Understanding the DiG format
License
Copyright © 2008, 2009 Ian Donaldson
Citation
DiG is not yet published.
Disclaimer
Data is distributed in the hope that it will be useful, but WITHOUT ANY WARRANTY; without even the implied warranty of MERCHANTABILITY or FITNESS FOR A PARTICULAR PURPOSE.

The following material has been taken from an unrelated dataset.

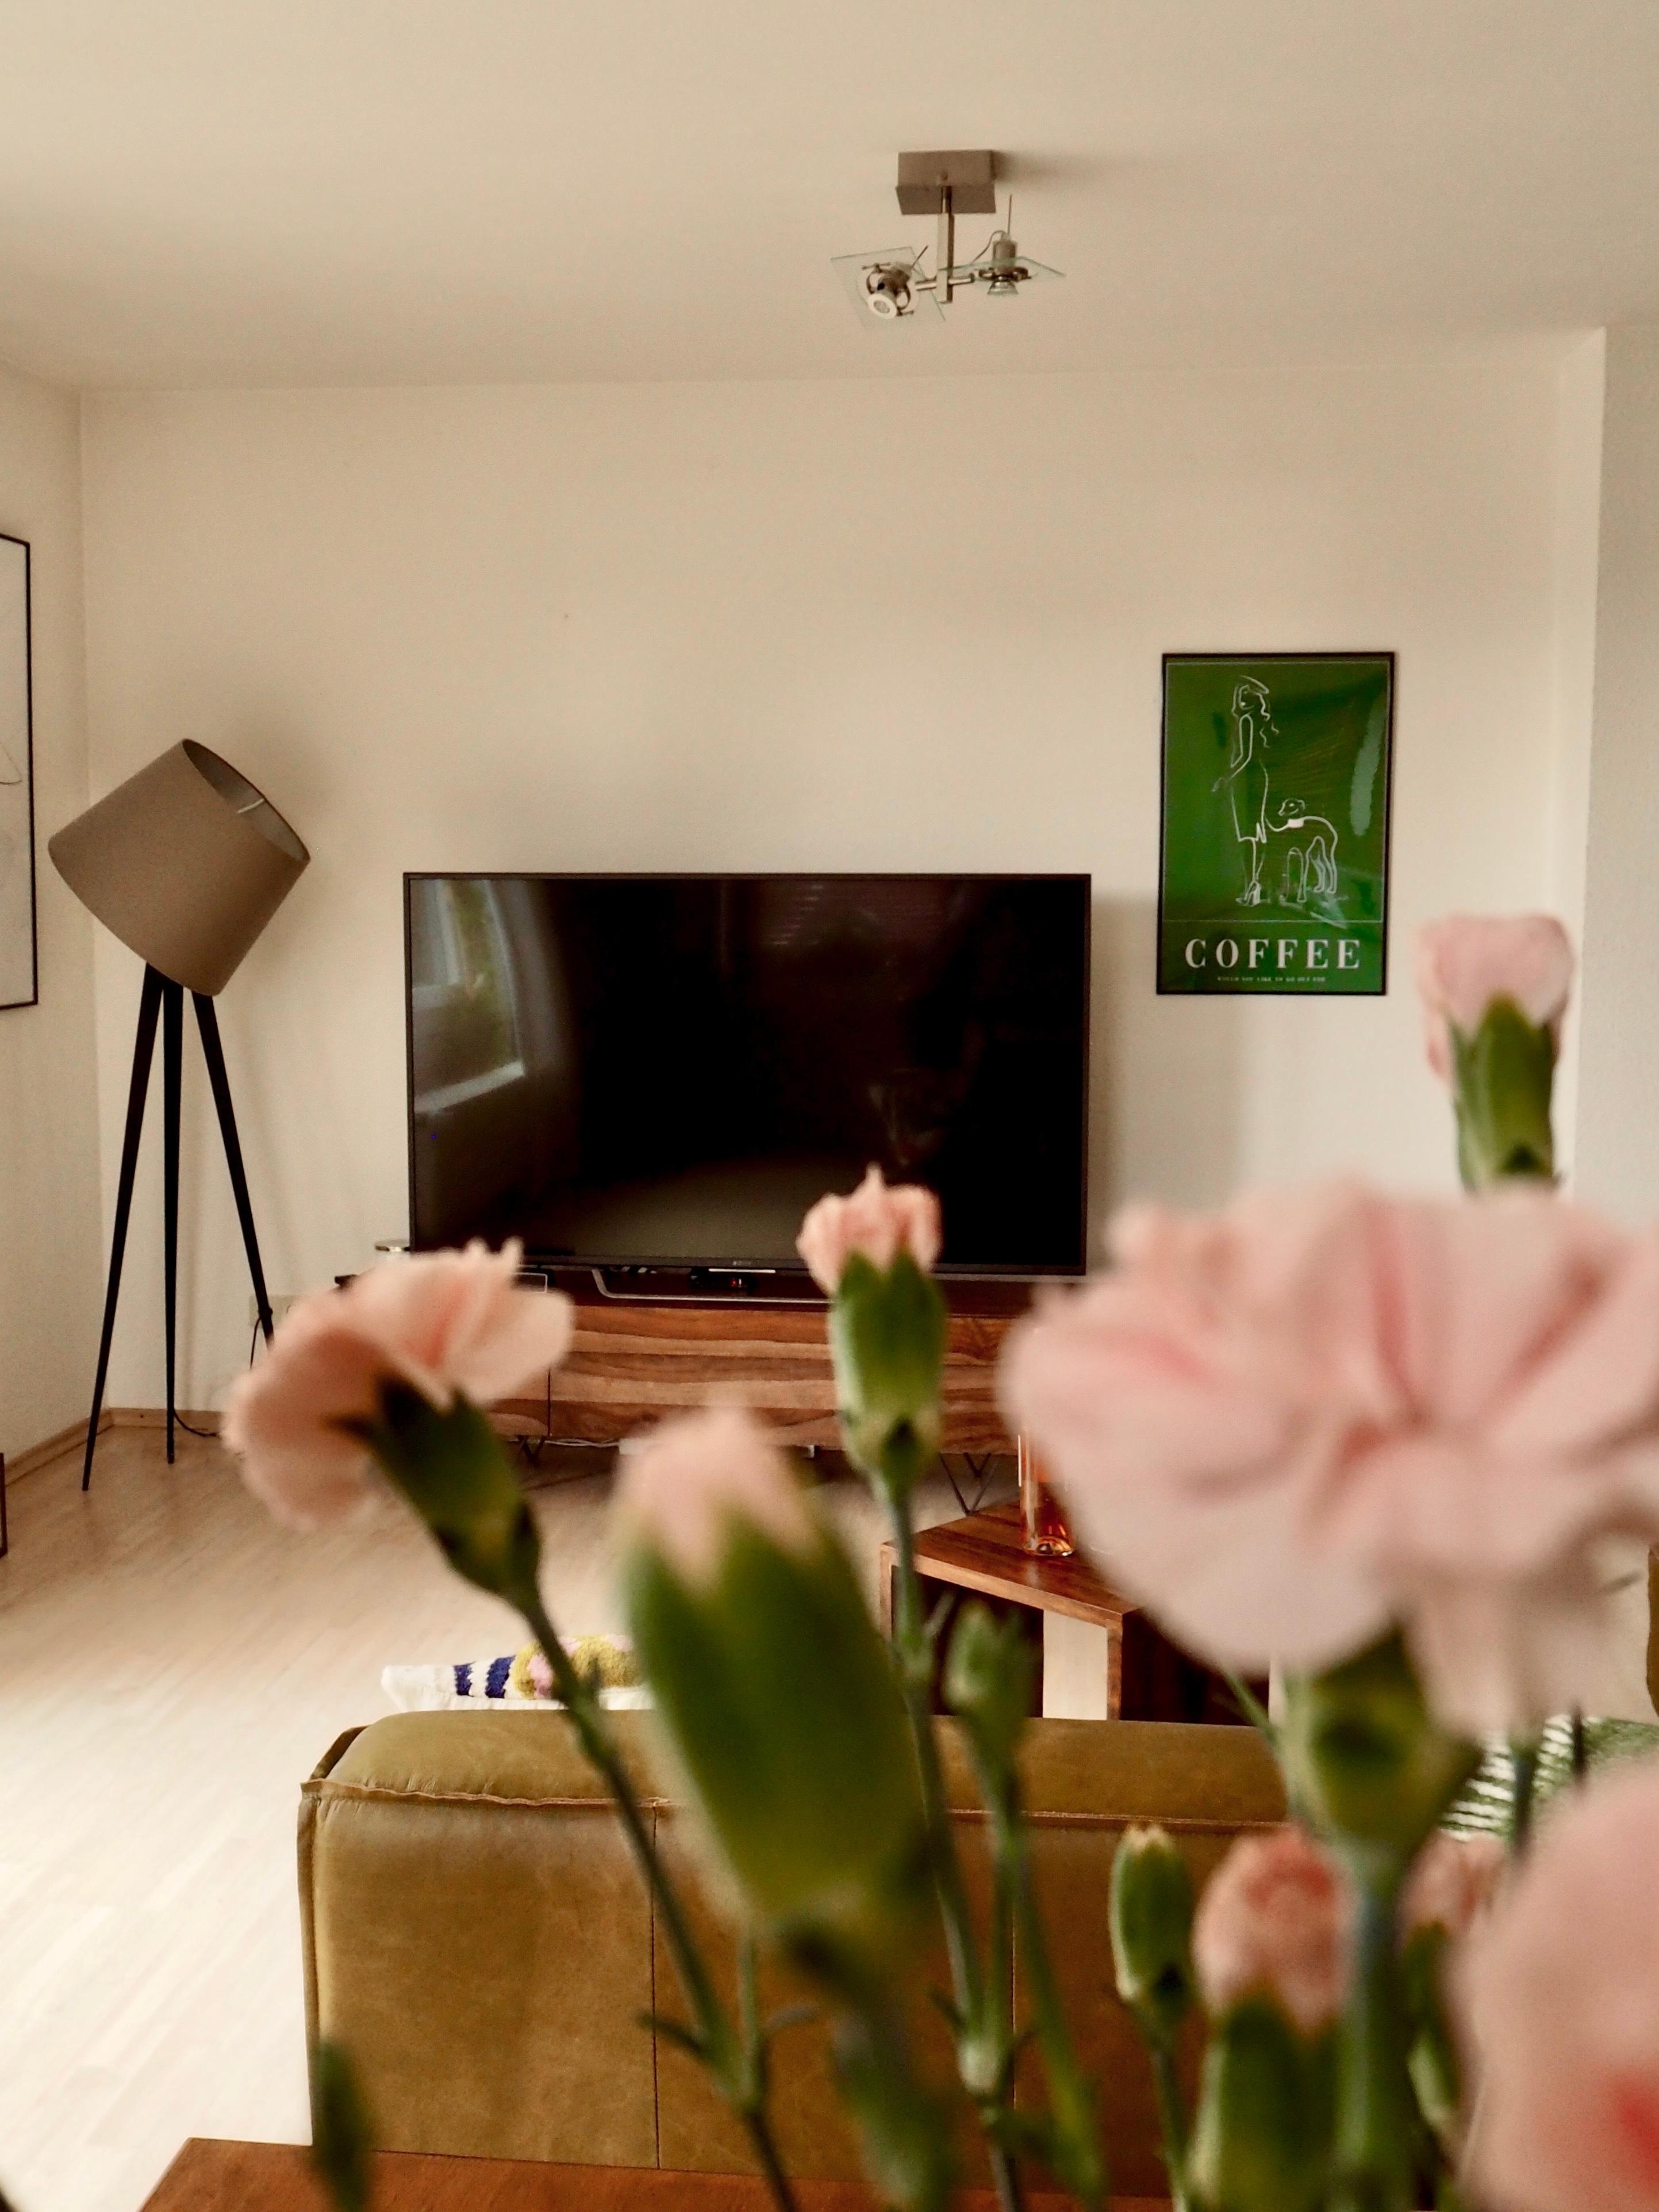 Frühling zu Hause 🌸
#livingchallenge #wohnzimmer #interior

Description of the DiG file
Each line in the DiG list represents a single gene and its association with some disease (taken from Morbid Map). Each gene (line) has been assigned a disease group number (column 7). Each group represents a set of phenotypically related diseases as determined by their Morbid Map titles.
Column number: 1
Column name: | title |
Column type: | text, contains multiple fields |
Description: | title column as listed in Morbid Map |
Example: | 17,20-lyase deficiency, isolated, 202110 (3) |
Notes
"17,20-lyase deficiency, isolated" is the disease title
"202110" is the OMIM identifier
(3) is the evidence code (diseasetag)
See http://irefindex/wiki/DiG:_Disease_groups for more information.
Column number: 2
Column name: | genesymbols |
Column type: | text, multiple values comma delimited |
Description: | gene symbols as originally listed in Morbid Map |
Example: | CYP17A1, CYP17, P450C17 |
Notes
Column number: 3
Column name: | locus |
Column type: | text |
Description: | gene locus as originally listed in Morbid Map |
Example: | 10q24.3 |
Notes
Column number: 4
Column name: | diseaseomimid |
Column type: | integer |
Description: | OMIMID extracted from title column in Morbid Map (see Column 1 above) |
Example: | 202110 |
Notes This omim identifier usually refers to a record describing a disease phenotype; it is a descriptive entry that does not refer to a unique locus.
See [1].
Column number: 5
Column name: | diseasetag |
Column type: | string ((1), (2) or (3)) |
Description: | evidence code extracted from title column in Morbid Map (see Column 1 above) |
Example: | (3) |
Notes
Only entries with (3) in this column have been mapped to a disease group (see column 7). For explanation of disease tags see [2]
Column number: 6
Column name: | geneid |
Column type: | integer |
Description: | EntrezGene identifier |
Example: | 64087 |
Notes
Cross-reference to EntrezGene (see [3]). The file used to mine for geneids is gene_info file at [4]. In some cases, a zero will appear in this column if a mapping to an EntrezGene identifier could not be made using the gene names provided by Morbid Map (see Column 2 above).
Column number: 7
Column name: | digid |
Column type: | integer |
Description: | Disease Group identifier |
Example: | 1 |
Notes
The whole point of the table. This identifier is not stable between releases of DiG. Entries with identical DiG identifiers are deemed to belong to a set of phenotypically-related diseases (and genes).
Column number: 8
Column name: | mantitle |
Column type: | text |
Description: | manually created title |
Example: | 17,20-lyase deficiency, isolated, 202110 (3) |
Notes
In some rare cases, titles provided by Morbid Map could not be properly processed by the text matching process. These titles were manually re-written to avoid these problems. In most cases, the text in this column is identical to that in column 1. See http://irefindex/wiki/DiG:_Disease_groups for details. All these manual changes can be propagated from release to release. Note that the manual titles are not guaranteed to contain OMIM identifiers and evidence codes.
Column number: 9
Column name: | geneomimid |
Column type: | integer |
Description: | omim identifier as originally listed in Morbid Map |
Example: | 609300 |
Notes
This omim identifier usually refers to a record describing a gene.